Spin–Orbit Gaps in Carbynes

Abstract

The effect of spin–orbit interaction on the band structures of the monatomic carbon chains, called the carbynes, is calculated in terms of a linear augmented cylindrical wave method. Because of the cylindrical symmetry of carbynes, the twofold orbitally degenerate π bands correspond to the semiclassical clockwise and anticlockwise rotational motion of electrons around the symmetry axis. In the absence of spin–orbit interaction with the two possible directions of spin, the π bands would be the fourfold degenerate ones. The spin and orbital motion of electrons are coupled, thereby splitting the fourfold degeneracy. Each π sub-band still has the twofold degeneracy, the spin polarization direction between degenerate two bands being opposite to each other. In a cumulenic carbyne with the double bonds (...═C═C═...), the splitting of π band at the Fermi energy region is equal to 2.4 meV, but the metallic character of band structure is not broken by spin–orbit interaction. In the semiconducting polyynic carbyne with alternating single and triple bonds (...–C≡C–C≡C–...), the spin–orbit gaps are different for the highest valence band (3.1 meV) and the lowest conduction band (2.1 meV).

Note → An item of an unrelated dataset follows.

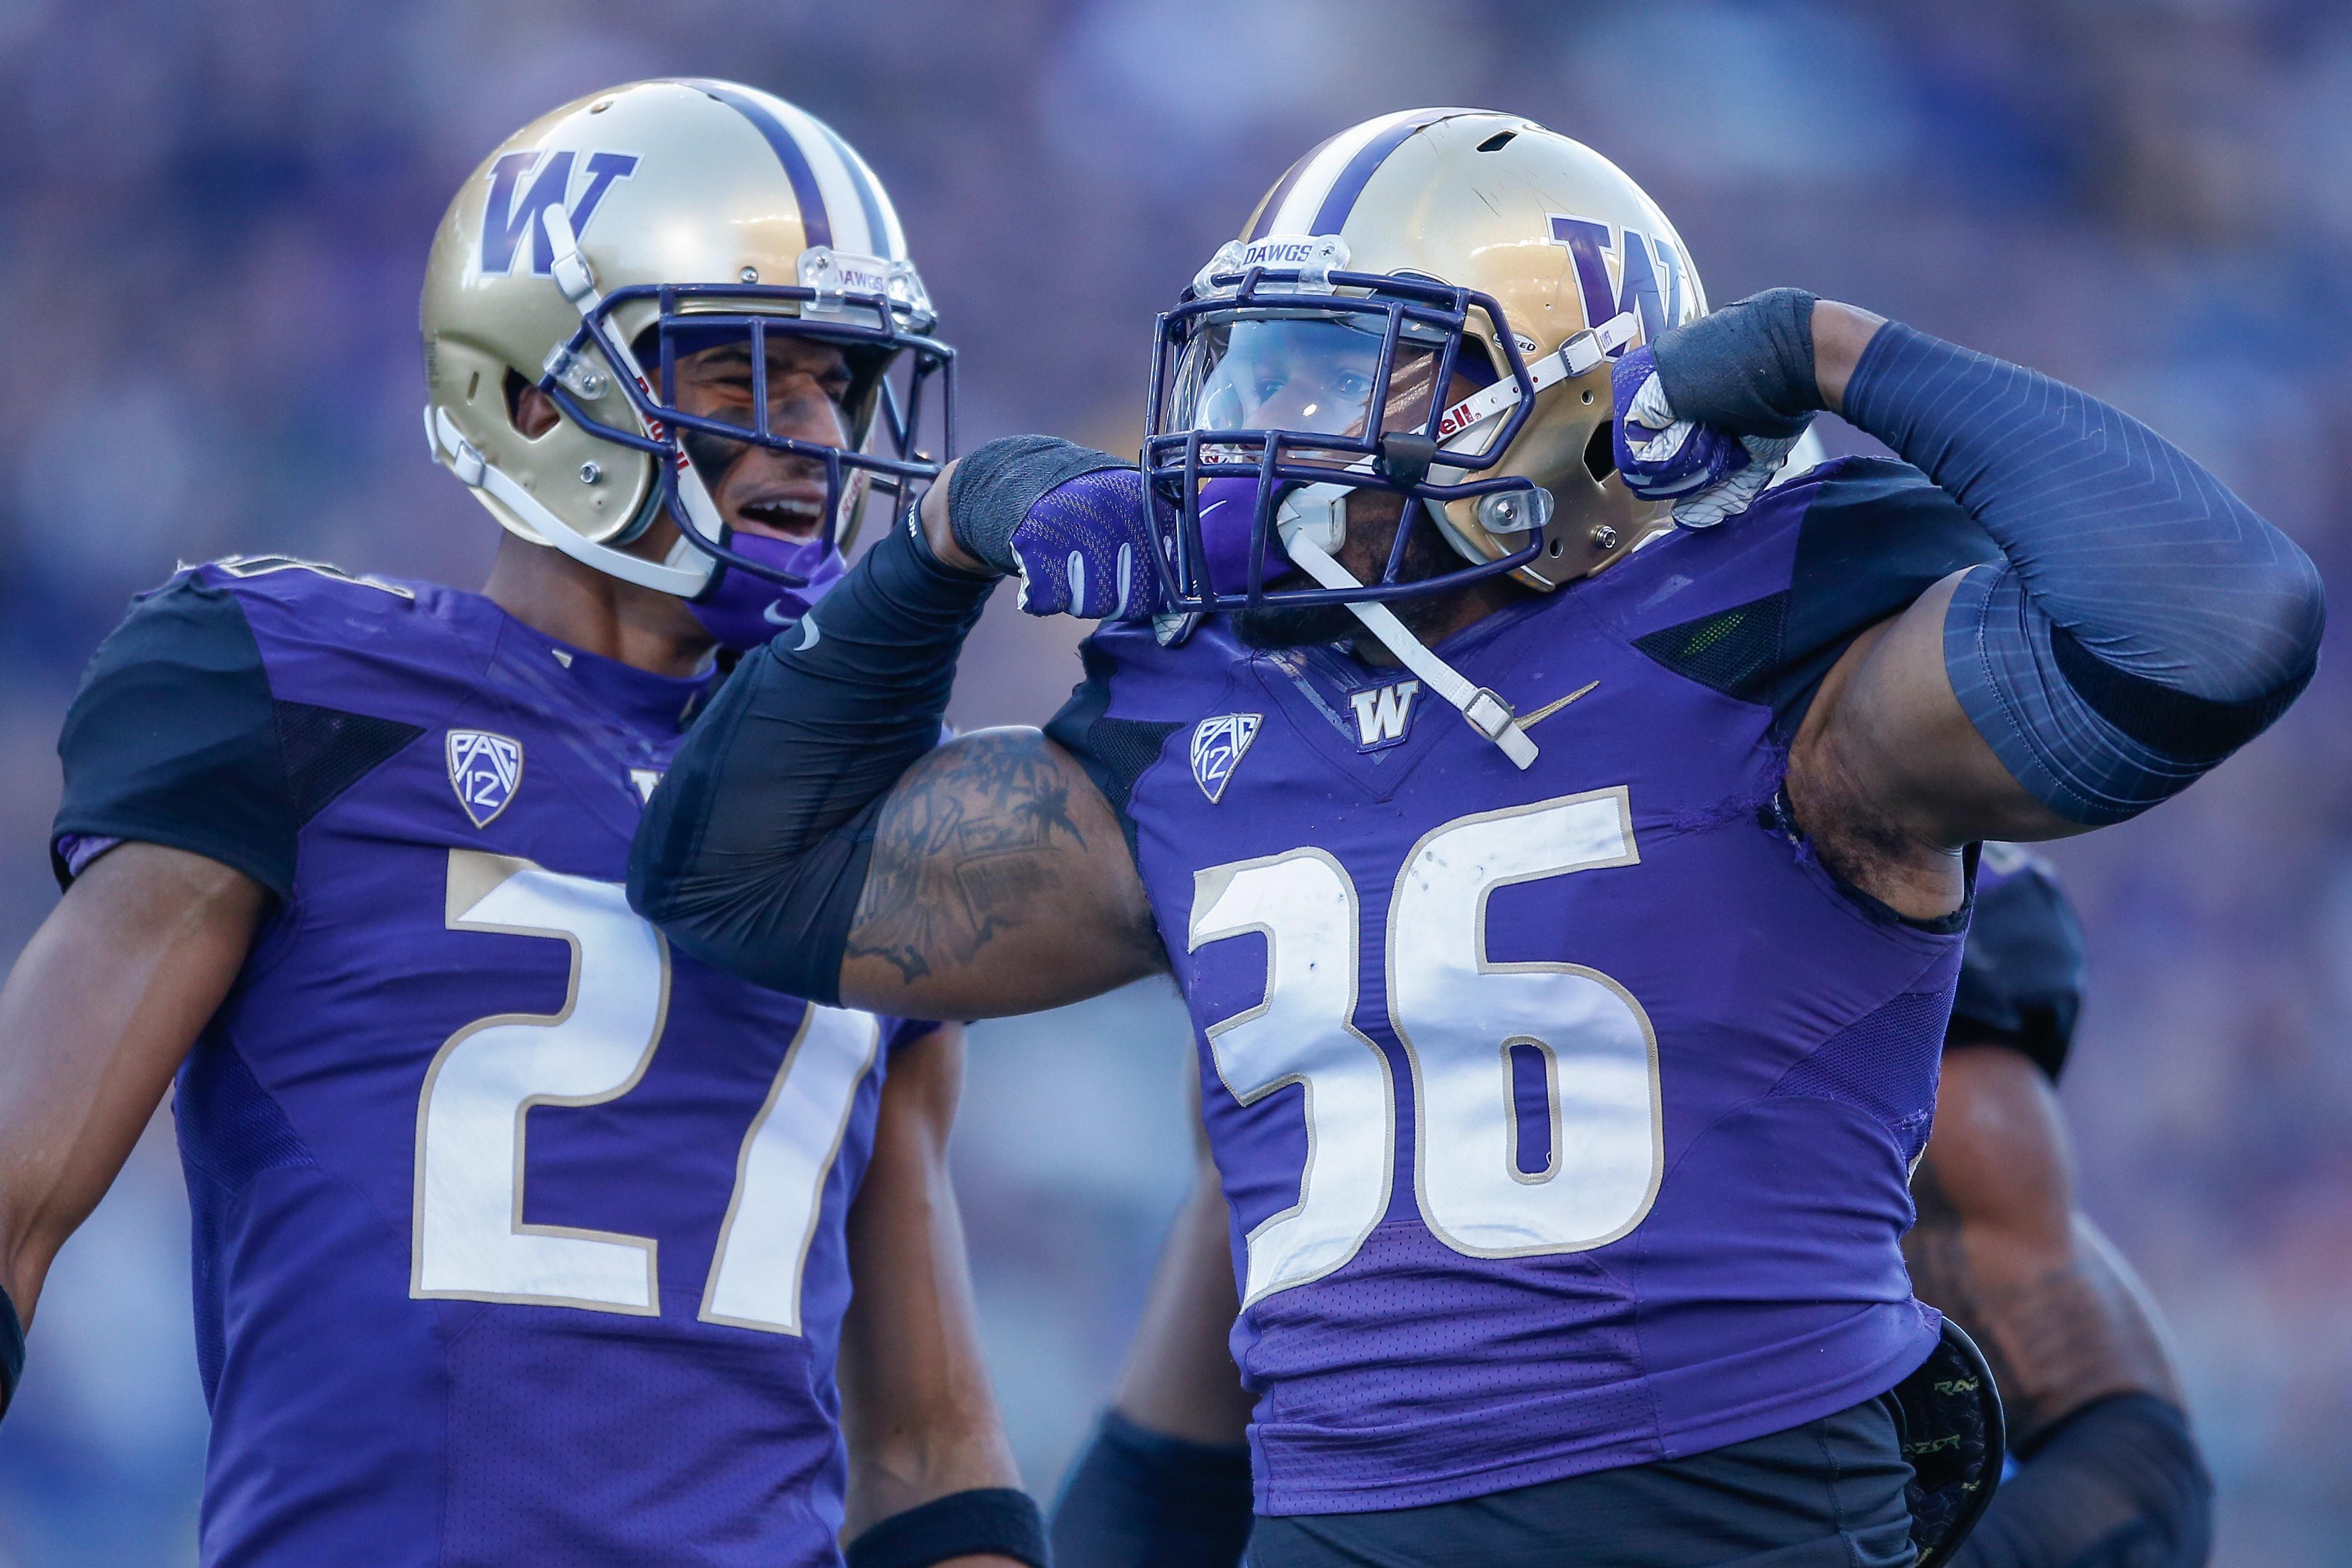 Azeem Victor Washington Huskies Football Jersey - Purple

The spin–orbit gaps in carbyne are about 2 or 3 times smaller than the spin–orbit splitting (6 meV) in the carbon atom. In carbyne, the spin–orbit interaction is larger than that in carbon nanotubes because of the larger curvature of electron orbits encircling the carbyne chains; the larger spin–orbit coupling can be attractive for new experiments and applications.